▸ INPUT DATA:
____
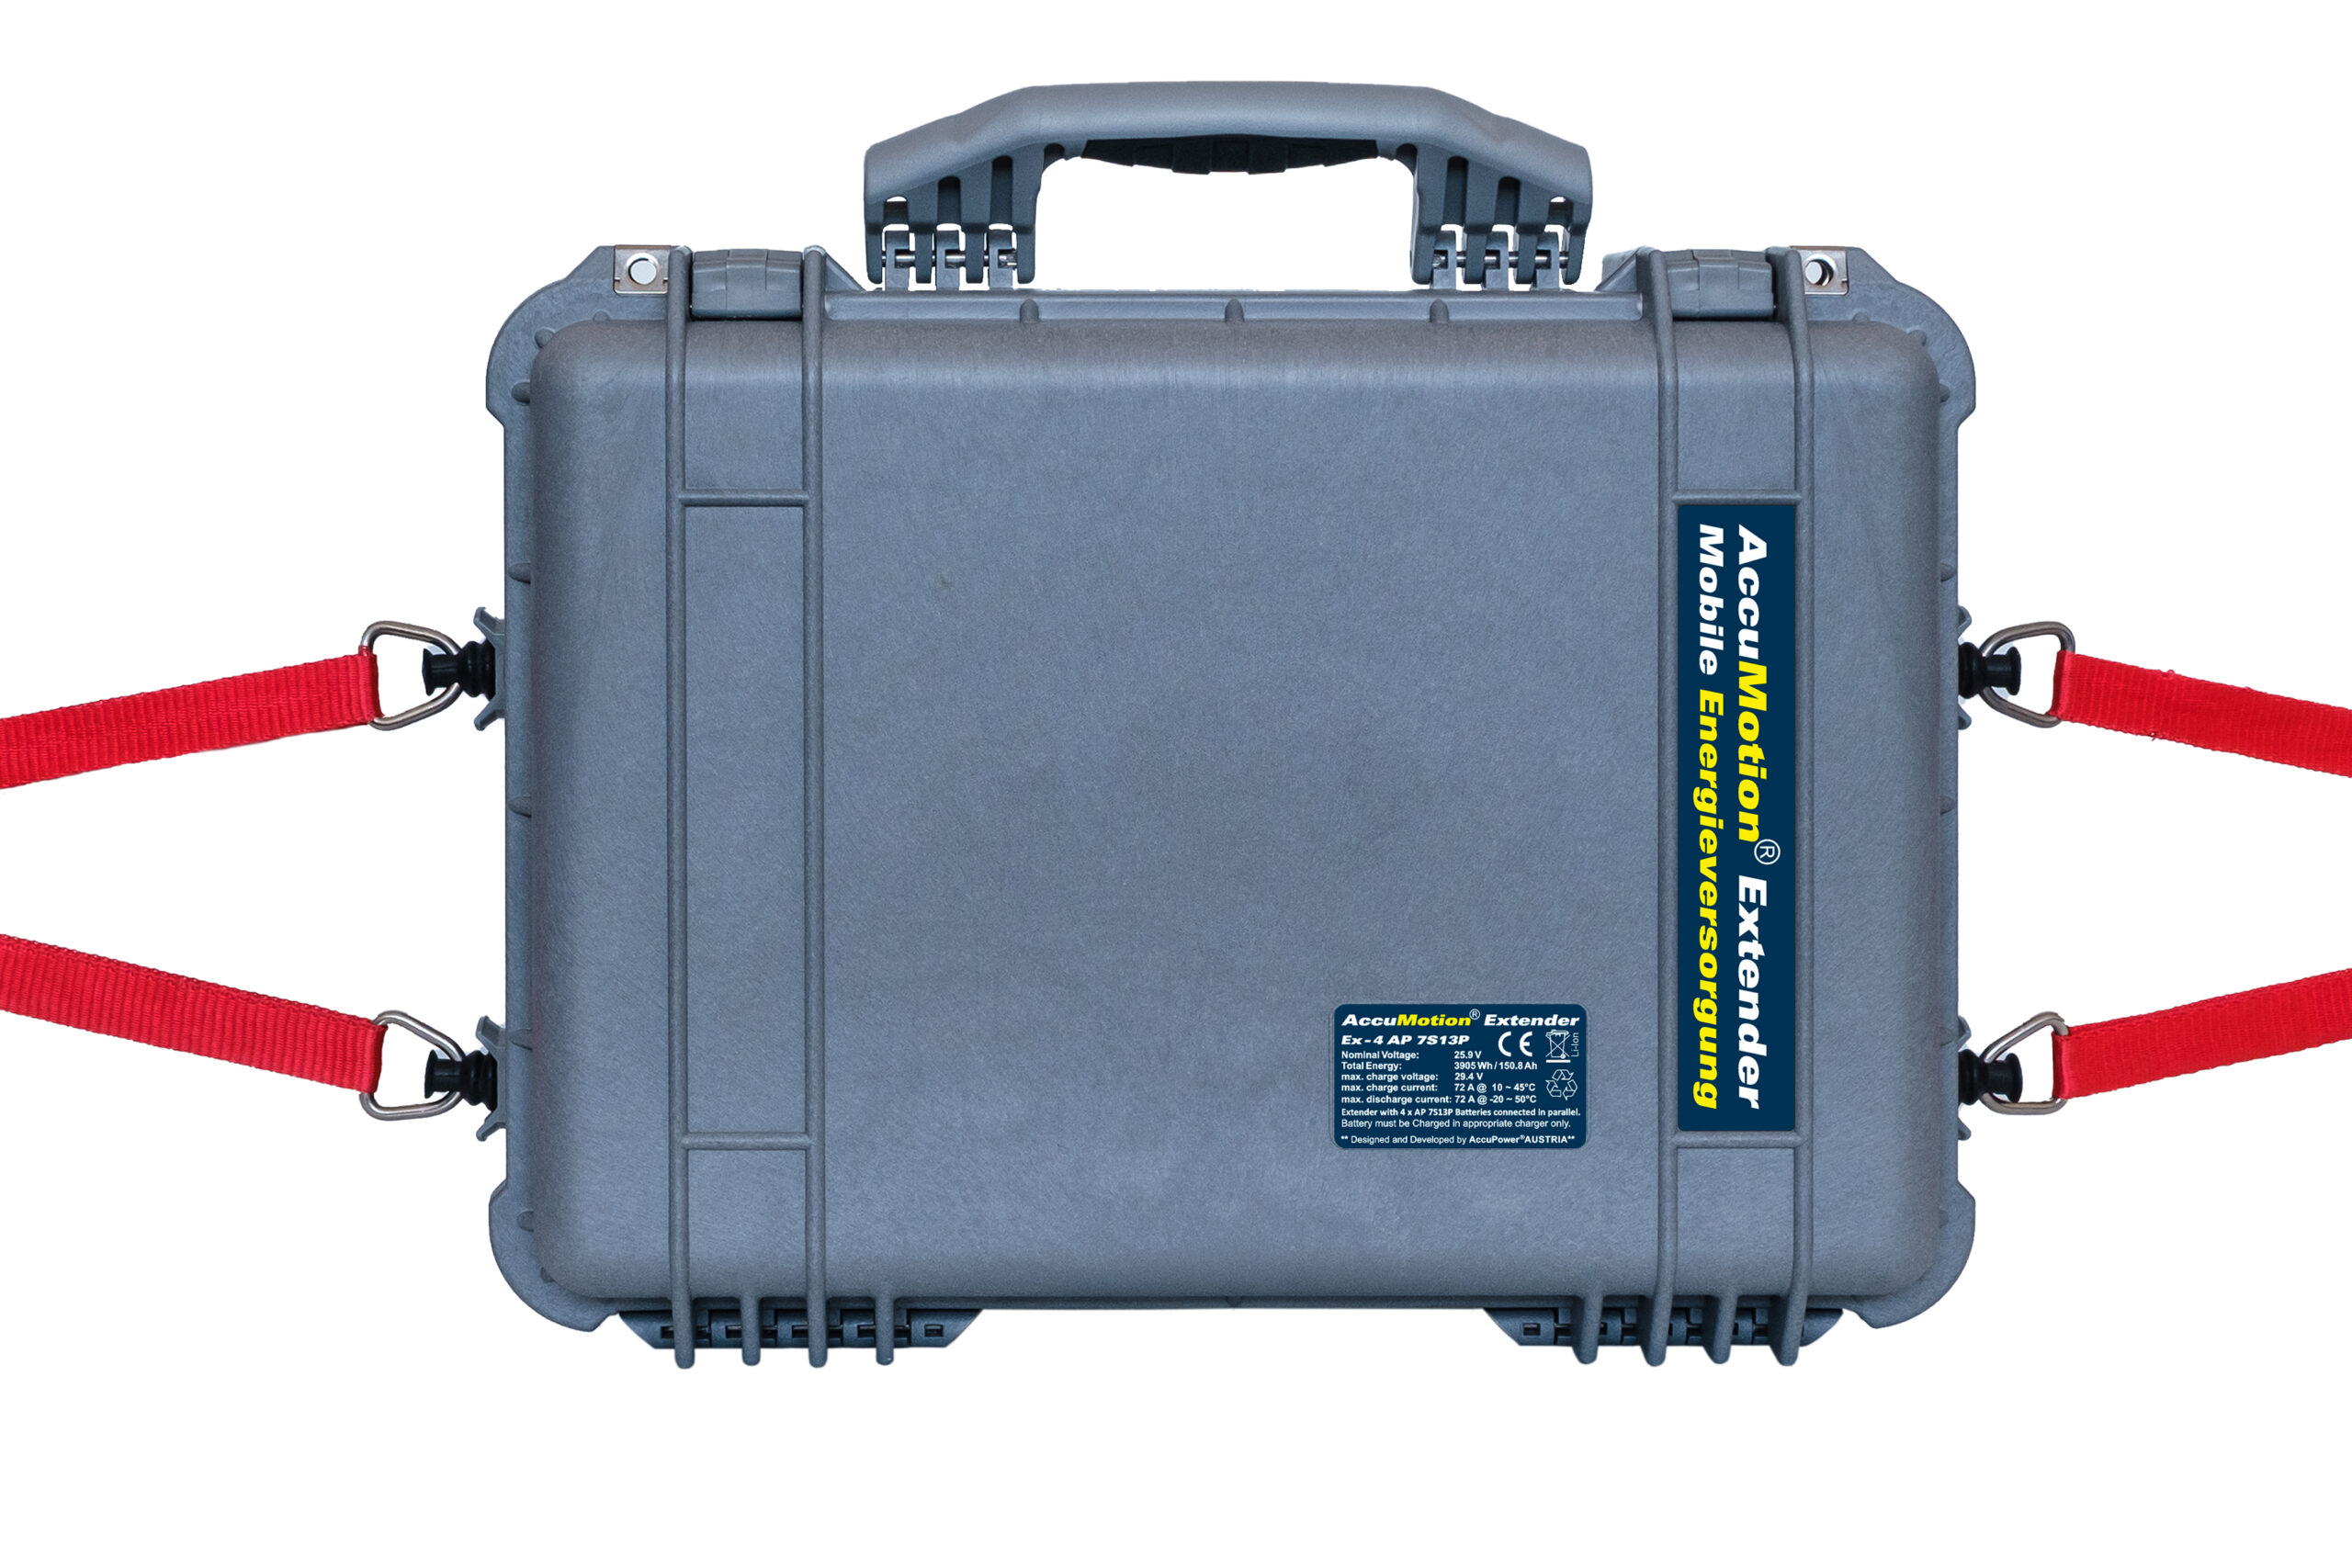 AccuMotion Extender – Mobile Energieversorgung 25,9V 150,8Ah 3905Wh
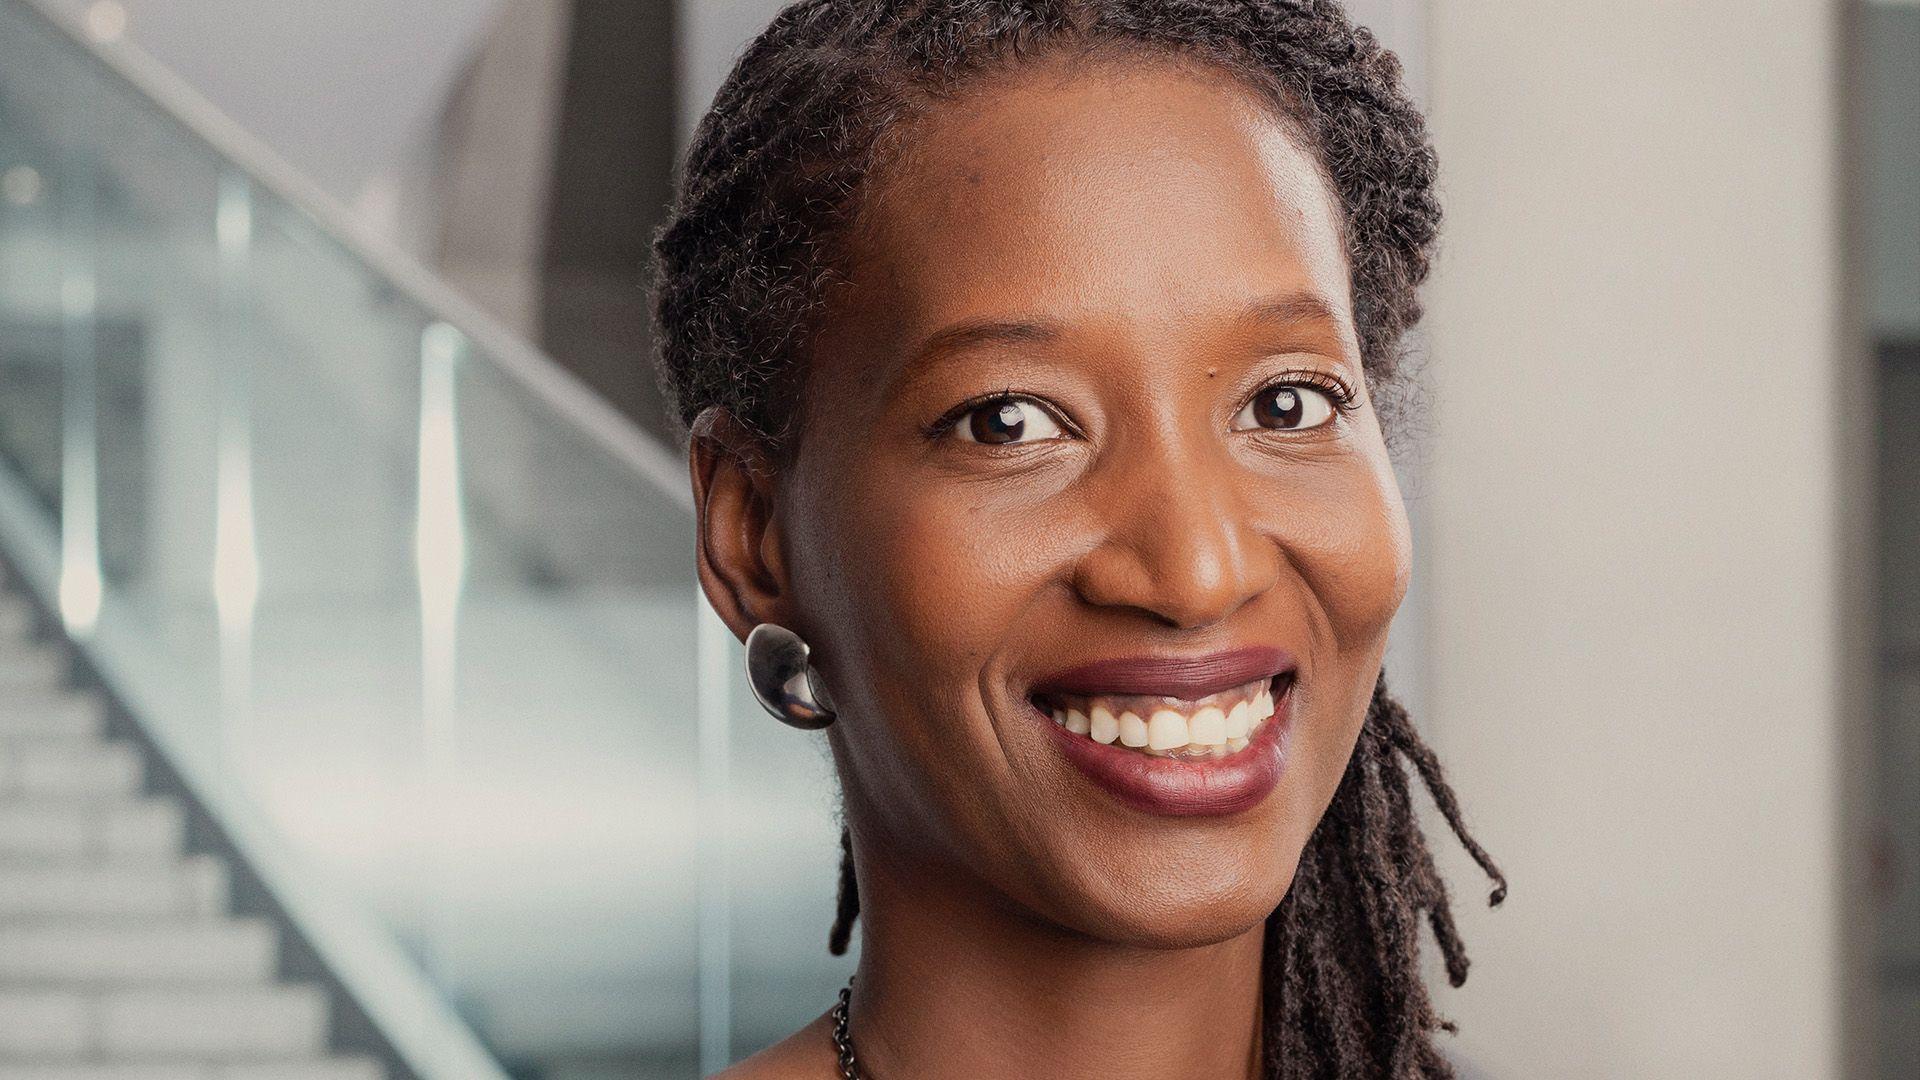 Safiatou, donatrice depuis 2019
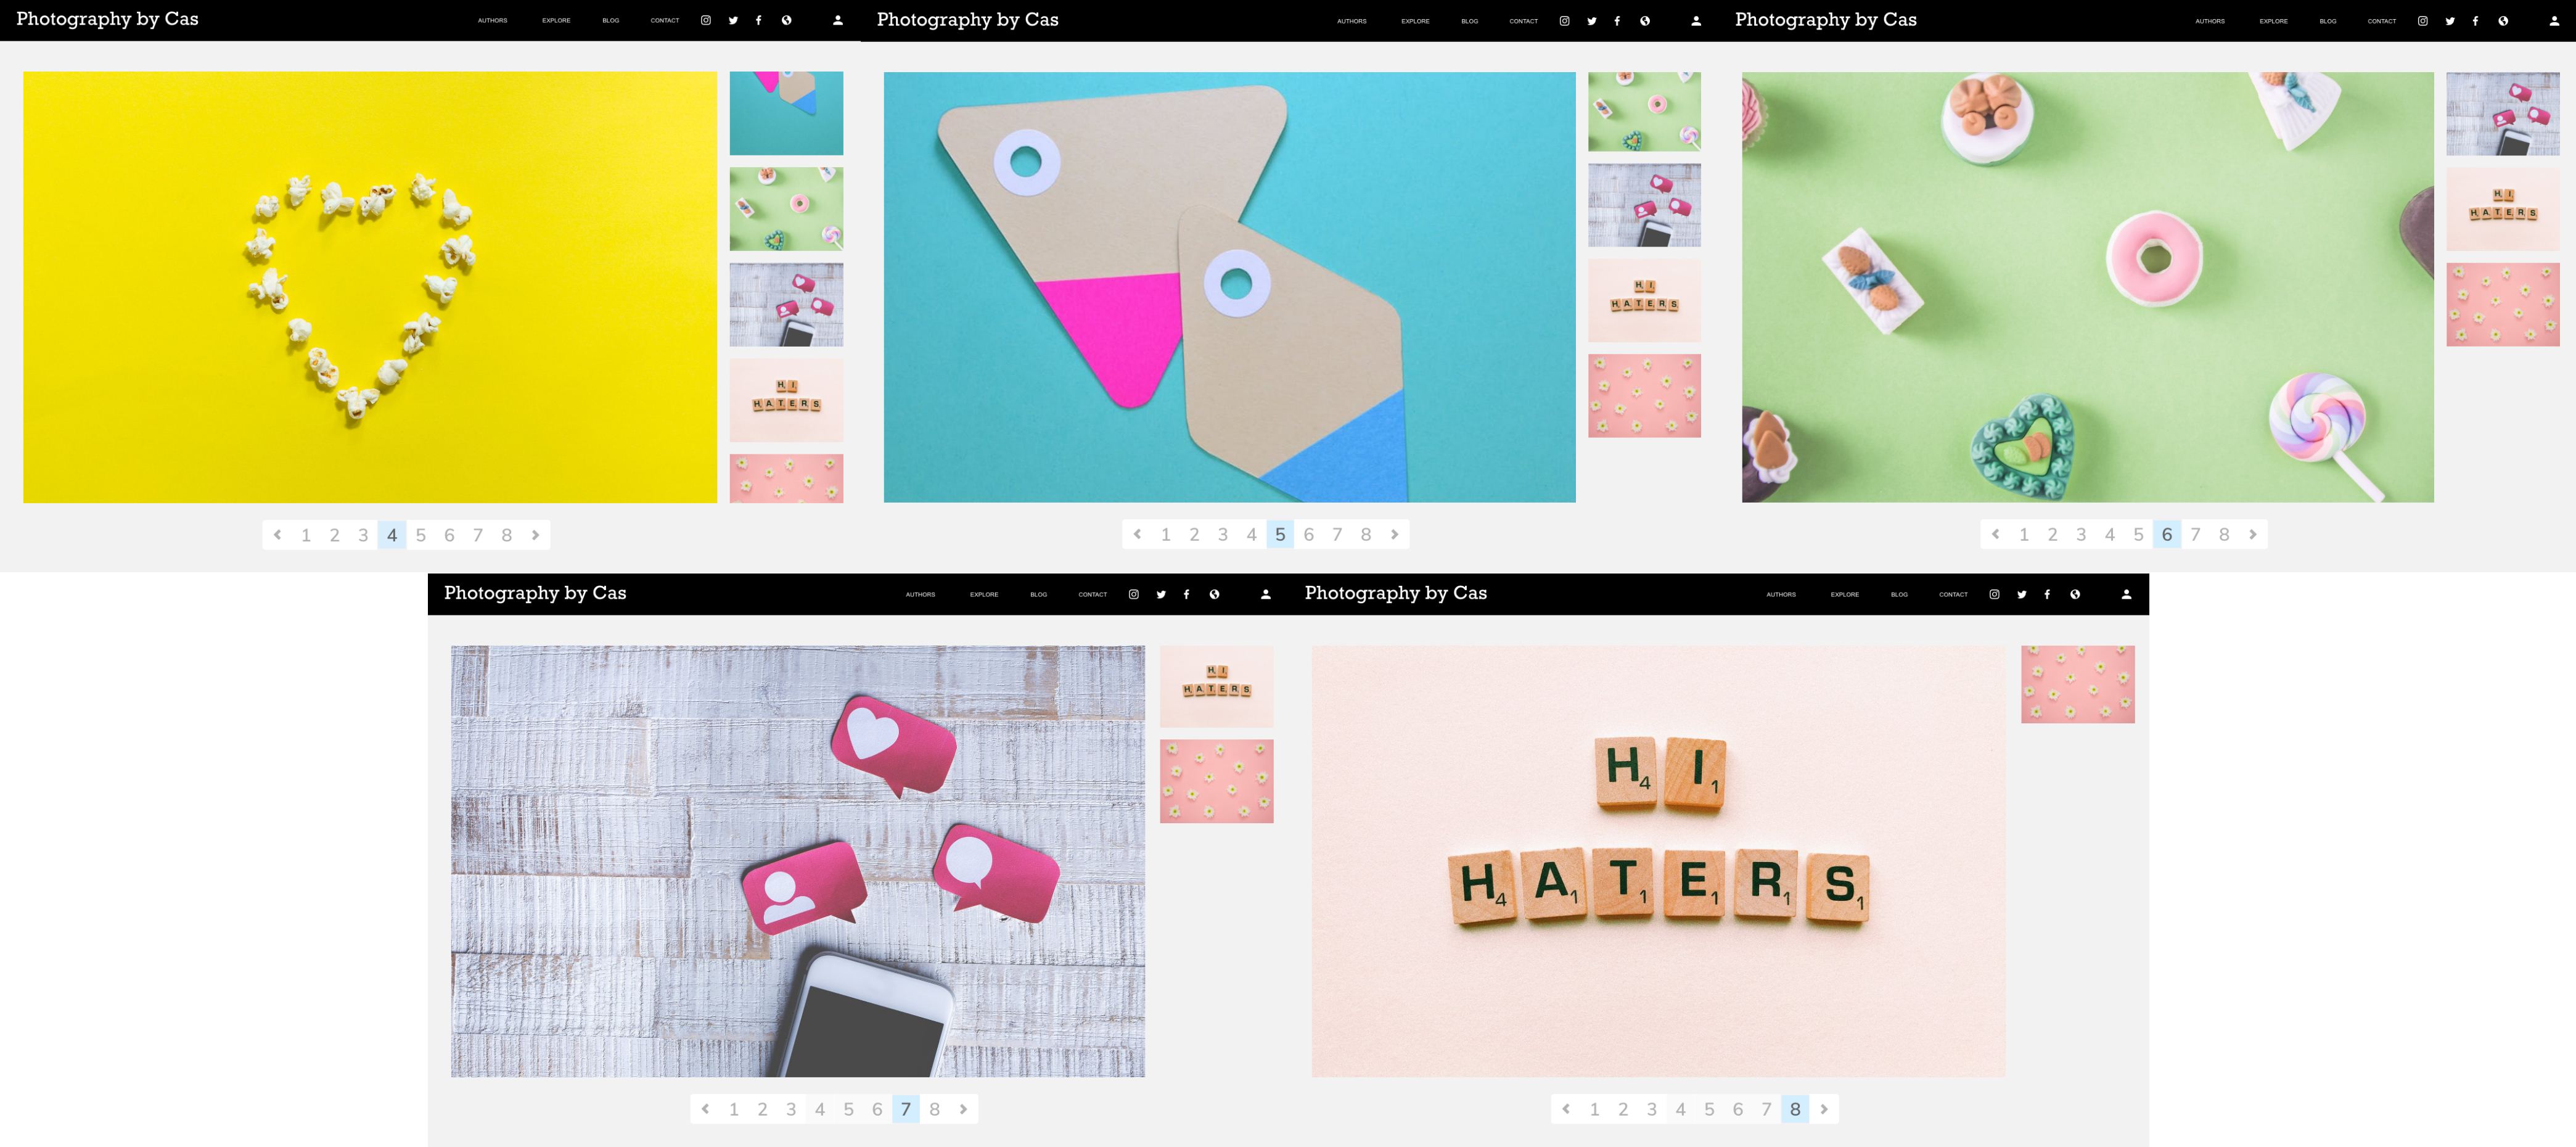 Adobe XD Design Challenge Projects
____
▸ WORK TO BE COMPLETED: From the line containing "Safiatou, donatrice depuis 2019" through the last line of the material above, write out each line exactly, leaving aside all pictures.

▸ TASK RESPONSE:
 Safiatou, donatrice depuis 2019
 Adobe XD Design Challenge Projects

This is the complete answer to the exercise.